Av. İlkiz: Örneğin Terörle Mücadele Kanunu anlamında gözaltına alınan kişilere ulaştırılacak hukuki yardımlar var. Yani, iddianın başladığı andan itibaren savunmanın başlaması, bir anlamda silahların eşitliği kuralı. Oysa yeni yapılan düzenleme bakımından doğrudan doğruya herhangi bir kişiye avukat gönderilmesi yerine yargıç tarafından 24 saat sonra avukat yardımının alınmasına karar verilmesi veya yargıç kararıyla kısıtlanması, sınırlandırılması şeklindeki yeni düzenlemeler var. Onun dışında gerçekten basın-yayın fiilleriyle ilgili olmak üzere daha çok genişletme var. Yani daha çok genişletme derken, basın-yayın yoluyla işlenmesi halinde eskiden para cezası sözknusuyken, yeni düzenlemede hapis cezası da getiriliyor. Bu arada da özellikle yayınların savcı emriyle bile 15 güne kadar durdurulabilmesi yasayla mümkün kılınıyor. Oysa bu tür durdurmalar, toplatmalar veya yayın durdurmalarla ilgili daha önce kabul edilen kanunlarda, bu anlamdaki sınırlandırmalar kaldırılmıştı. Dolayısıyla, eskiye dönüldüğü gibi daha da eskiye dönülüyor. Bir önemli tarafı daha, Türk Ceza Kanunu’ndaki bazı maddeler, terör suçu sayılmak üzere Terörle Mücadele Kanunu’na alınıyor. Dolayısıyla suç genişletilmesi diyebileceğimiz ve sayma yoluyla, eğer bu suçlar terör amacıyla işlenirse, terör suçu kabul edilmek üzere Terörle Mücadele Kanunu’nda değişiklik yapılmış oldu. Bütün bunları yan yana getirdiğiniz zaman, bu anlamdaki temel hak ve özgürlüklerin sınırlandırıldığı, bu sınırlandırmaların da demokrasiye aykırı olduğu açıkça gözüküyor.

DW: Yasa değişikliğinin zamanlaması konusundaki yorumunuz?
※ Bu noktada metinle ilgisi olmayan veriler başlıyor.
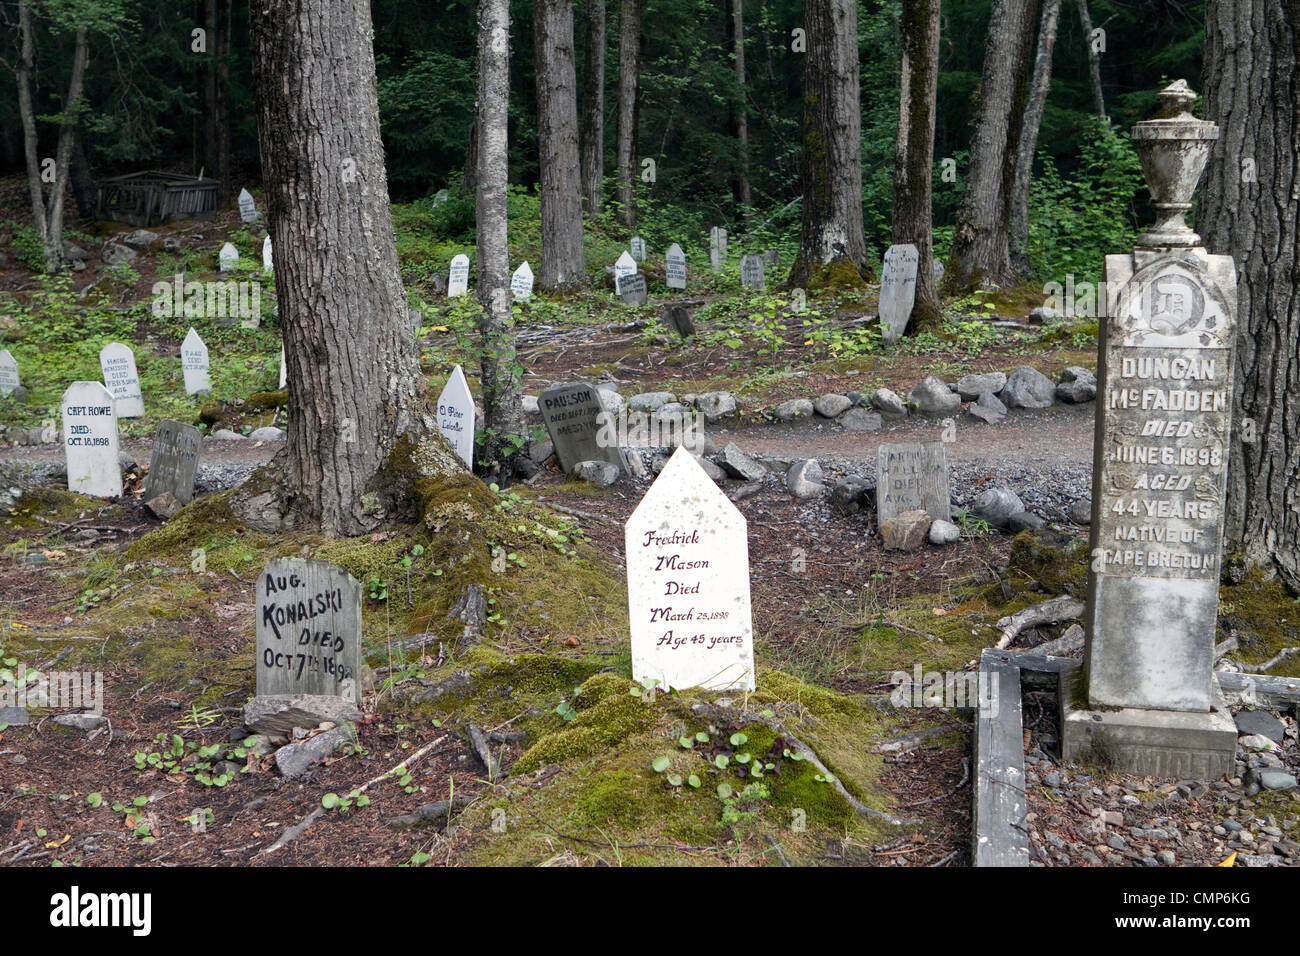 Cemetery at the Dyea town site in the Klondike Gold Rush National Historical Park near Skagway, Alaska, USA. Stock Photo

Av. İlkiz: TMK değişiklik tasarısı, TCK’nın çıkmasından sonra bir paralellik sağlansın düşüncesinden kaynaklanarak yapılıyordu. Ama bu anlamda Terörle Mücadele bakımından bana göre çok fazla gereksinim olmamasına rağmen bunun bir anda gündeme getirilmiş olmasını, mevcut olup bitenlerle bağlantılı değerlendirmek daha faydalı olur. Dolayısıyla bu fayda içerisinde, bu kanunun belki de en önemli tarafı ve tek önemli yanı, terörle mücadeledeki finansman kaynaklarıyla mücadele meselesiydi. Uluslarararası bir sözleşme kabul edilmiştir. Bu sözleşme çerçevesinde TMK’da özellikle terör finansmanı konusunda bir düzenleme olmadığı için bu maddenin TMK’da düzenleme yapılarak kabul edilmesi gerekirdi. Bunun zamanıydı, ama bir tek maddeyle çözümlenebilecek olan bir konu birdenbire, belki de Türkiye’nin etrafında olup bitenler nedeniyle bu şekilde yeniden panik mevzuatına dönüldü ve hiç gereği yokken TMK’da değişiklik yapıldı. Gerçekten Türkiye şöyle bir konuyla karşı karşıya: TMK’da değişiklik yapılmaması gerekirken, bana göre yapıldıktan sonra, terörle mücadele etmek yerine, terörün ekonomik ve sosyal konumu ve bunu besleyen kaynakların kurutulması daha önemlidir. Bu da doğrudan doğruya yasayla yapılmaz. Bu, doğrudan doğruya hükümet olmanın gereğidir veya en azından terörü besleyen kaynakların kurutulması bakımından geç kalınmış olan bir mücadeleyi, artık daha fazla geç kalmadan yeniden yeniden başlatmaktır.